In some operating systems, e.g. OS/360 and successors,[2] memory is managed by the operating system.[note 1] In other operating systems, e.g. Unix-like operating systems, memory is managed at the application level.
Memory management within an address space is generally categorized as either manual memory management or automatic memory management.
Manual memory management
The task of fulfilling an allocation request consists of locating a block of unused memory of sufficient size. Memory requests are satisfied by allocating portions from a large pool[note 2] of memory called the heap[note 3] or free store. At any given time, some parts of the heap are in use, while some are "free" (unused) and thus available for future allocations.

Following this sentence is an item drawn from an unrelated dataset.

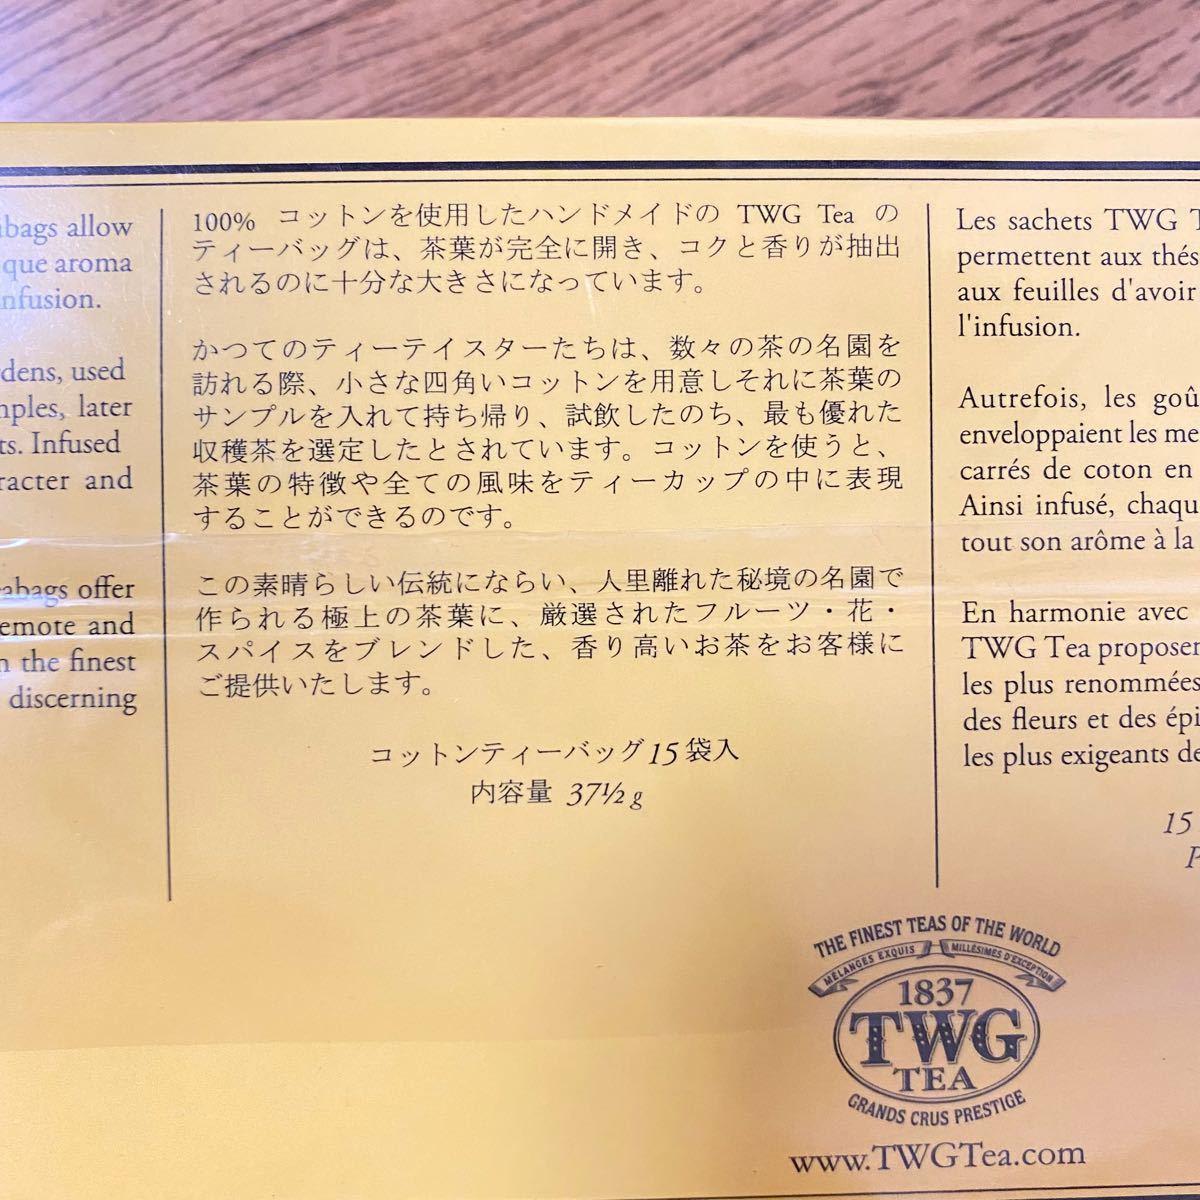 TWG ブラックティー Black Tea 紅茶ティーバッグ シンガポール

In the C language, the function which allocates memory from the heap is called malloc
and the function which takes previously allocated memory and marks it as "free" (to be used by future allocations) is called free
. [note 4]
Several issues complicate the implementation, such as external fragmentation, which arises when there are many small gaps between allocated memory blocks, which invalidates their use for an allocation request. The allocator's metadata can also inflate the size of (individually) small allocations. This is often managed by chunking. The memory management system must track outstanding allocations to ensure that they do not overlap and that no memory is ever "lost" (i.e. that there are no "memory leaks").
Efficiency
The specific dynamic memory allocation algorithm implemented can impact performance significantly. A study conducted in 1994 by Digital Equipment Corporation illustrates the overheads involved for a variety of allocators. The lowest average instruction path length required to allocate a single memory slot was 52 (as measured with an instruction level profiler on a variety of software).[1]
Implementations
Since the precise location of the allocation is not known in advance, the memory is accessed indirectly, usually through a pointer reference. The specific algorithm used to organize the memory area and allocate and deallocate chunks is interlinked with the kernel, and may use any of the following methods:
Fixed-size blocks allocation
Fixed-size blocks allocation, also called memory pool allocation, uses a free list of fixed-size blocks of memory (often all of the same size). This works well for simple embedded systems where no large objects need to be allocated but suffers from fragmentation especially with long memory addresses. However, due to the significantly reduced overhead, this method can substantially improve performance for objects that need frequent allocation and deallocation, and so it is often used in video games.
Buddy blocks
In this system, memory is allocated into several pools of memory instead of just one, where each pool represents blocks of memory of a certain power of two in size, or blocks of some other convenient size progression. All blocks of a particular size are kept in a sorted linked list or tree and all new blocks that are formed during allocation are added to their respective memory pools for later use. If a smaller size is requested than is available, the smallest available size is selected and split. One of the resulting parts is selected, and the process repeats until the request is complete. When a block is allocated, the allocator will start with the smallest sufficiently large block to avoid needlessly breaking blocks. When a block is freed, it is compared to its buddy. If they are both free, they are combined and placed in the correspondingly larger-sized buddy-block list.
Slab allocation
This memory allocation mechanism preallocates memory chunks suitable to fit objects of a certain type or size.[4] These chunks are called caches and the allocator only has to keep track of a list of free cache slots. Constructing an object will use any one of the free cache slots and destructing an object will add a slot back to the free cache slot list. This technique alleviates memory fragmentation and is efficient as there is no need to search for a suitable portion of memory, as any open slot will suffice.
Stack allocation
Many Unix-like systems as well as Microsoft Windows implement a function called alloca
for dynamically allocating stack memory in a way similar to the heap-based malloc
. A compiler typically translates it to inlined instructions manipulating the stack pointer.[5] Although there is no need of manually freeing memory allocated this way as it is automatically freed when the function that called alloca
returns, there exists a risk of overflow. And since alloca is an ad hoc expansion seen in many systems but never in POSIX or the C standard, its behavior in case of a stack overflow is undefined.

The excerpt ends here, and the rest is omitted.